Horticulture Research 9,
Article number: uhac023 (2022)
Views: 361

Received: 22 Nov 2021
Revised: 16 Jun 2022
Accepted: 24 Jan 2022
Published online: 29 Apr 2022


Non-conventional peptides (NCPs), which are peptides derived from previously unannotated coding sequences, play important biological roles in plants. In this study, we used peptidogenomic methods that integrated mass spectrometry (MS) peptidomics and a six-frame translation database to extensively identify NCPs in grape. In total, 188 and 2021 non-redundant peptides from the Arabidopsis thaliana and Vitis vinifera L. protein database at Ensembl/URGI and an individualized peptidogenomic database were identified.

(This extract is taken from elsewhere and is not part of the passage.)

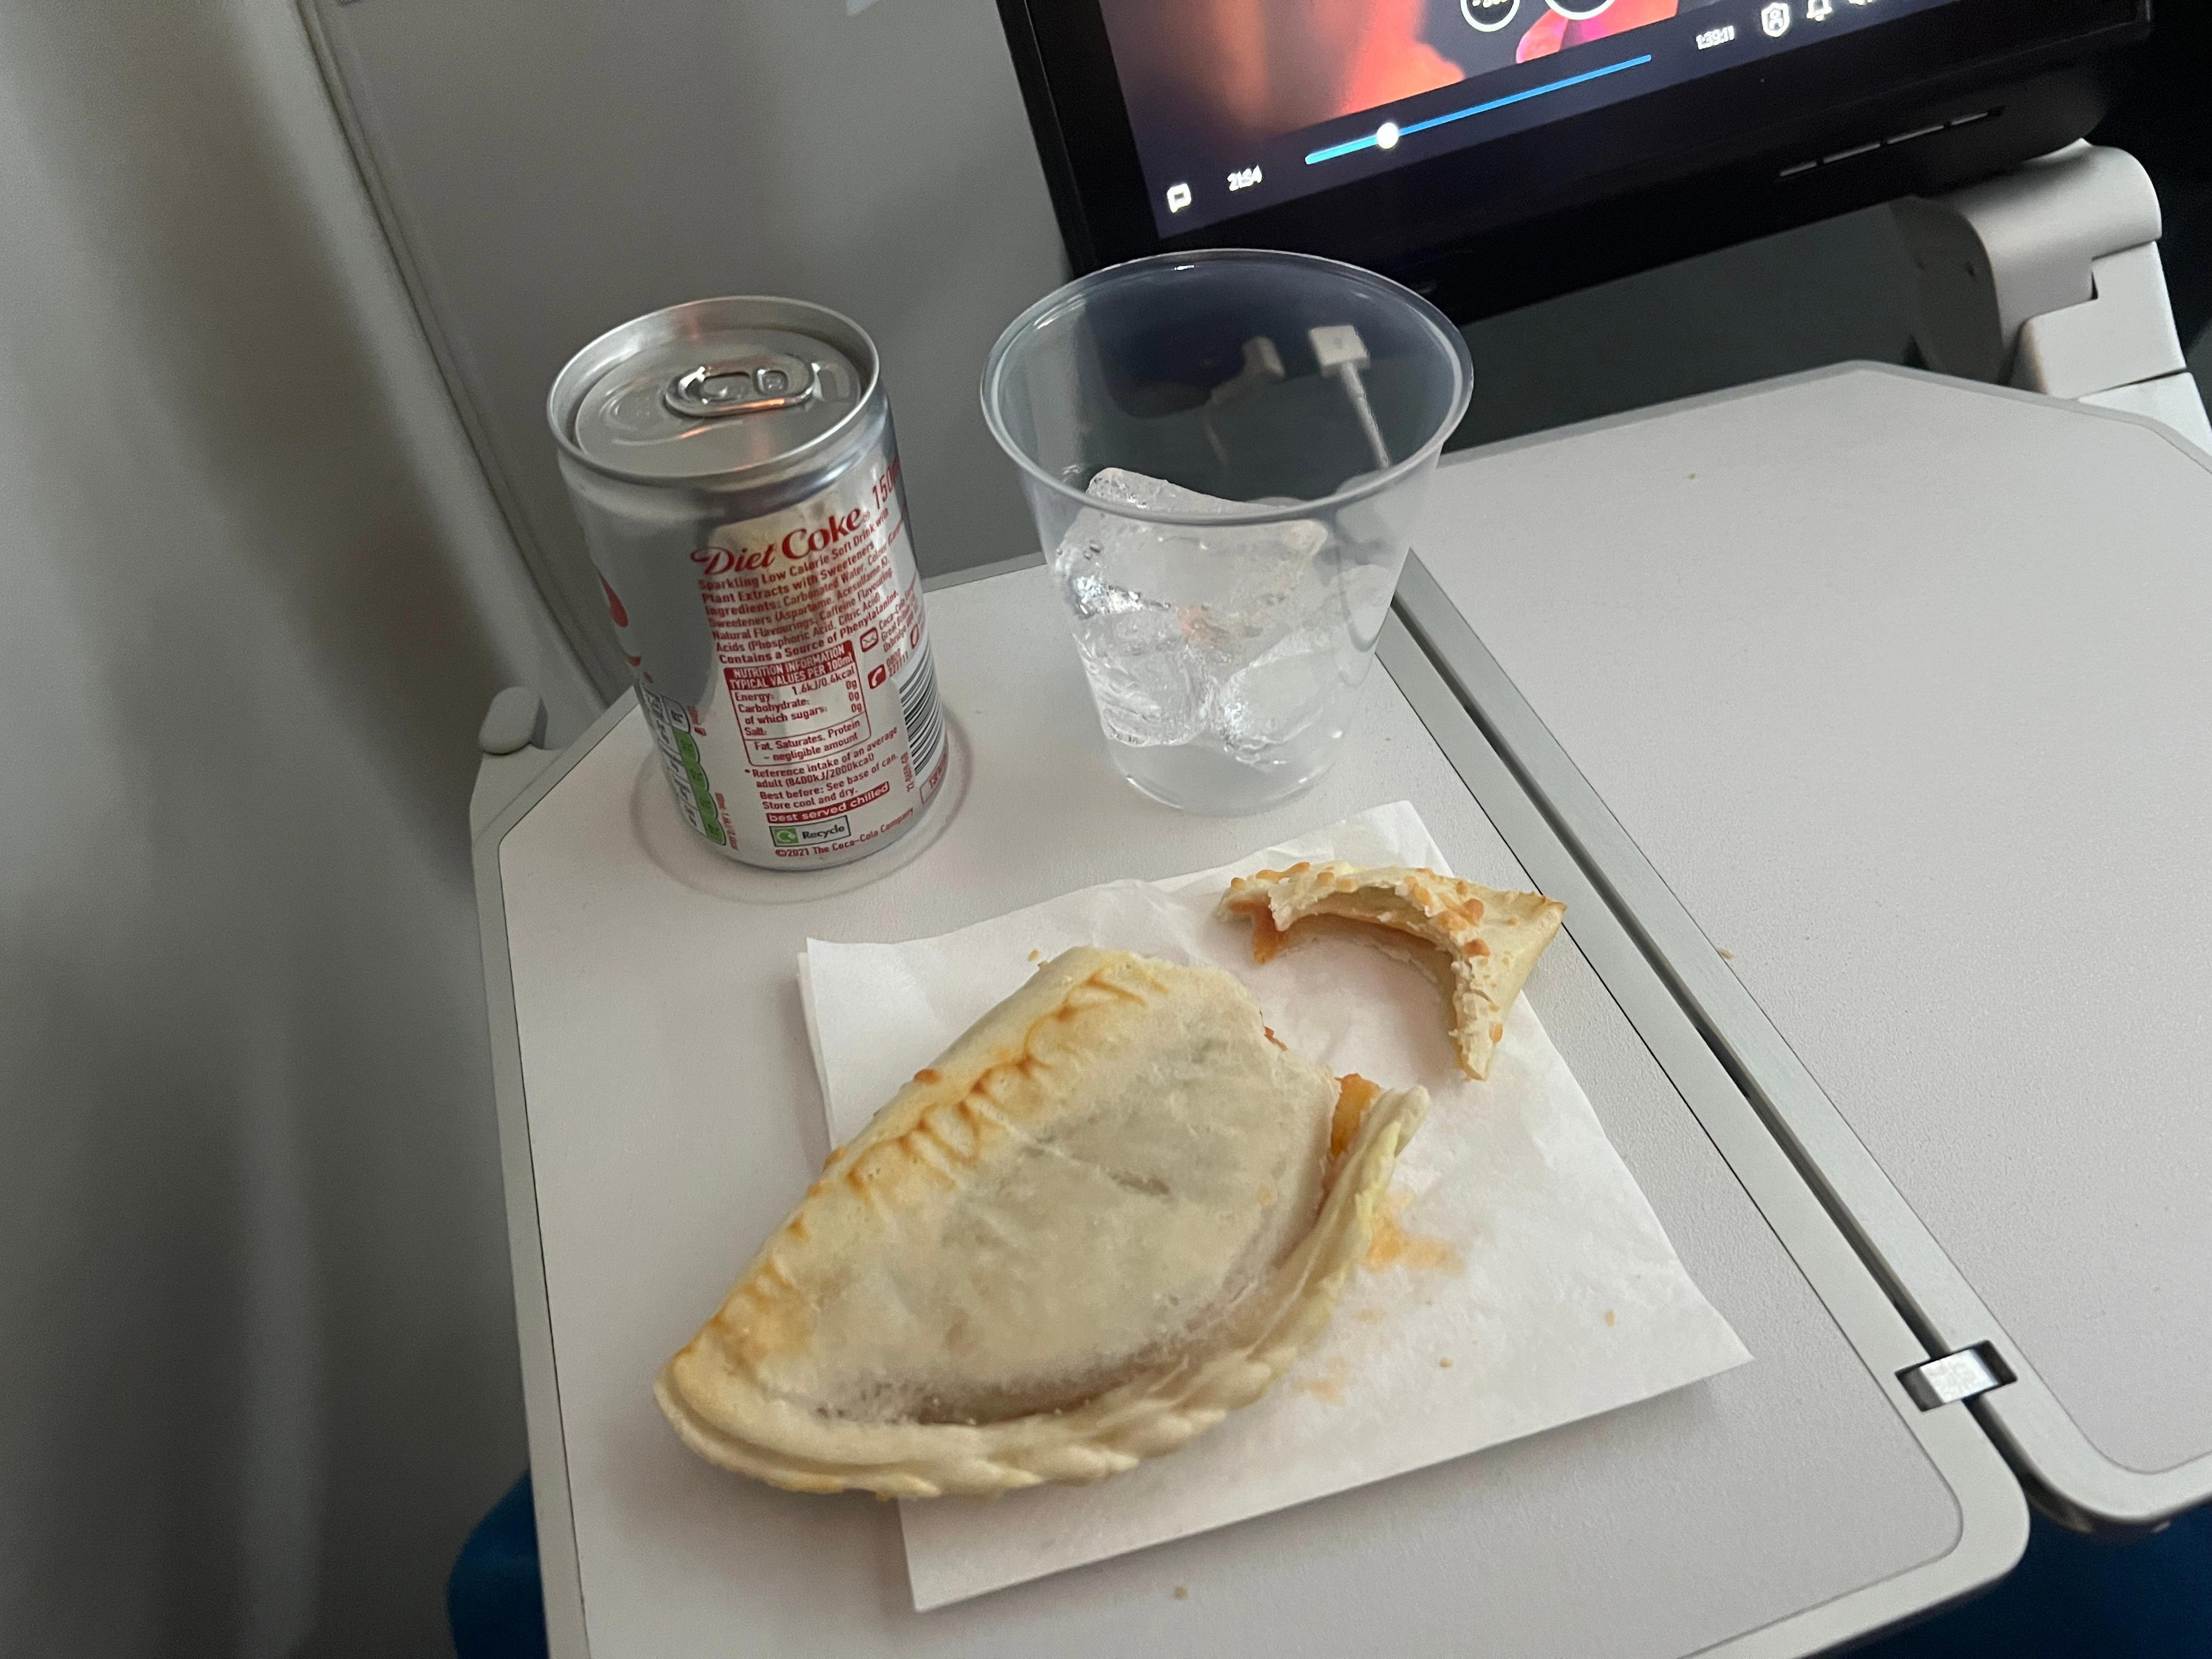 <p>The filling was basically mush, and it reminded me of baby food. The last time <a href="https://www.businessinsider.com/flew-air-canada-boeing-787-economy-wont-book-again-review-2022-7">I experienced this was on Air Canada</a>, but British Airways' pastry was better, though still not great.</p><p>I'd prefer a savory pastry filled with actual carrot cubes, plump peas, and ground meat.</p>

Unlike conventional peptides, these NCPs derived mainly from intergenic, intronic, upstream ORF, 5′UTR, 3′UTR, and downstream ORF regions. These results show that unannotated regions are translated more broadly than we thought. We also found that most NCPs were derived from regions related to phenotypic variations, LTR retrotransposons, and domestication selection, indicating that the NCPs have an important function in complex biological processes. We also found that the NCPs were developmentally specific and had transient and specific functions in grape berry development. In summary, our study is the first to extensively identify NCPs in grape. It demonstrated that there was a large amount of translation in the genome. These results lay a foundation for studying the functions of NCPs and also provide a reference for the discovery of new functional genes in grape.